RAW DATA:
+--

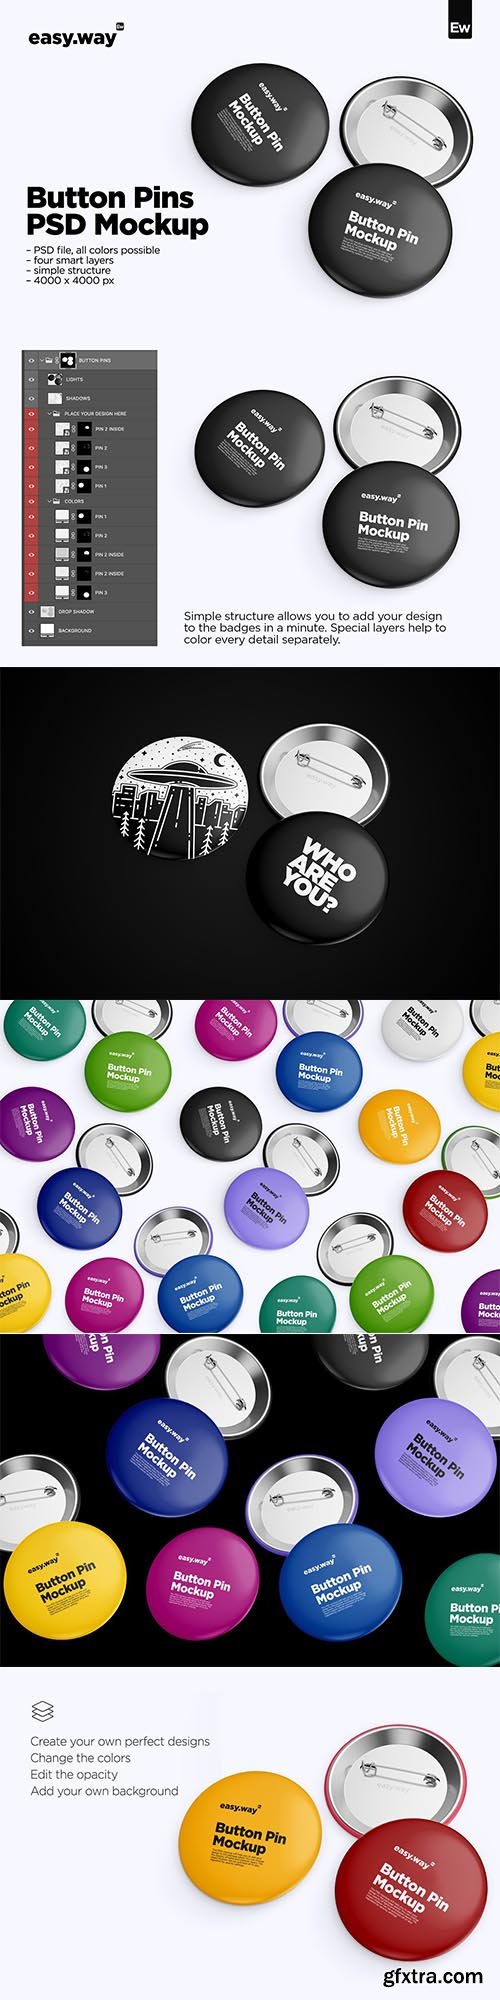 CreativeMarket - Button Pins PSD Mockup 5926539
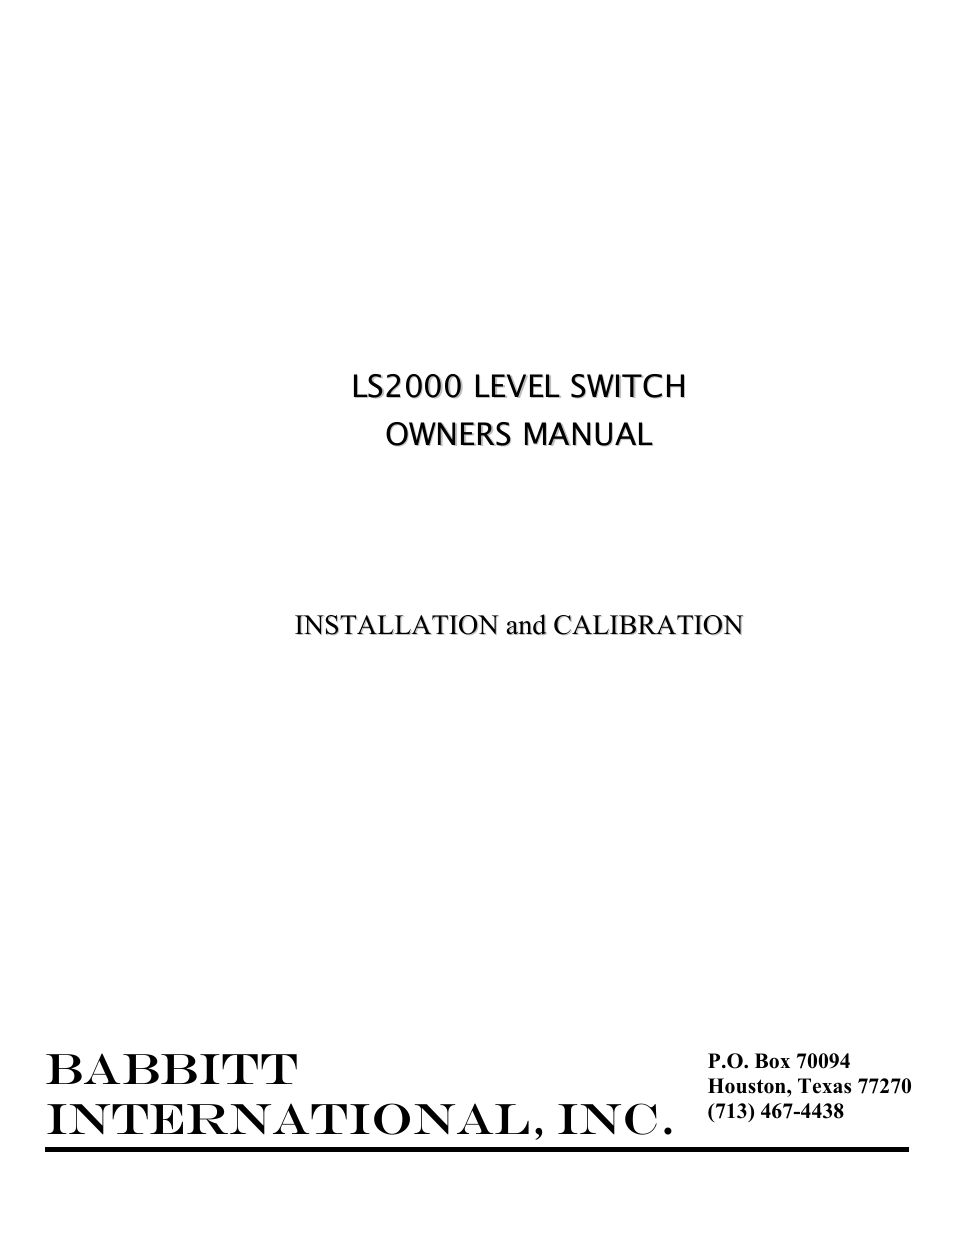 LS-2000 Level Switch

+--

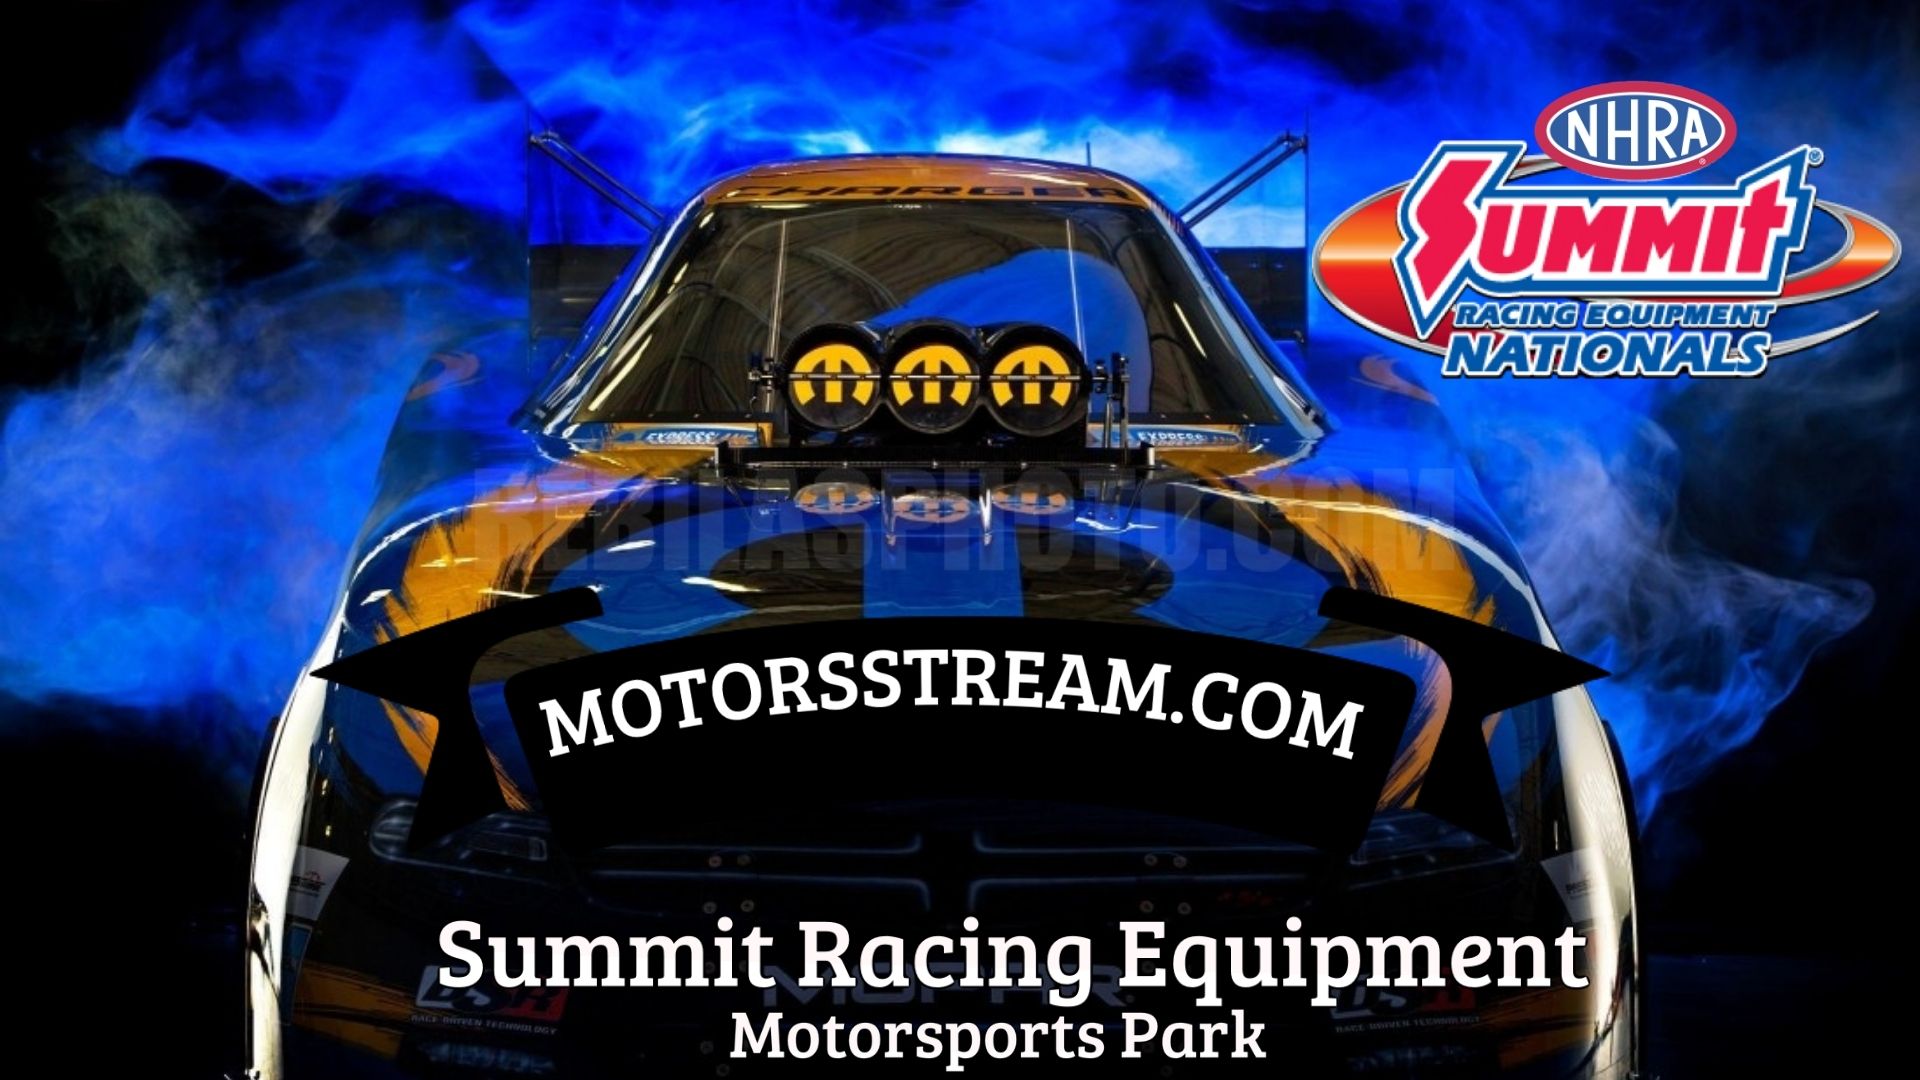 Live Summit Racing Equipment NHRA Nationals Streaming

+--

ASSIGNMENT: The response must repeat exactly the lines above from the one with "CreativeMarket - Button" through the one with "LS-2000 Level Switch", including both, and must contain no pictures and no other text.

PROBLEM SOLUTION:
 CreativeMarket - Button Pins PSD Mockup 5926539
 LS-2000 Level Switch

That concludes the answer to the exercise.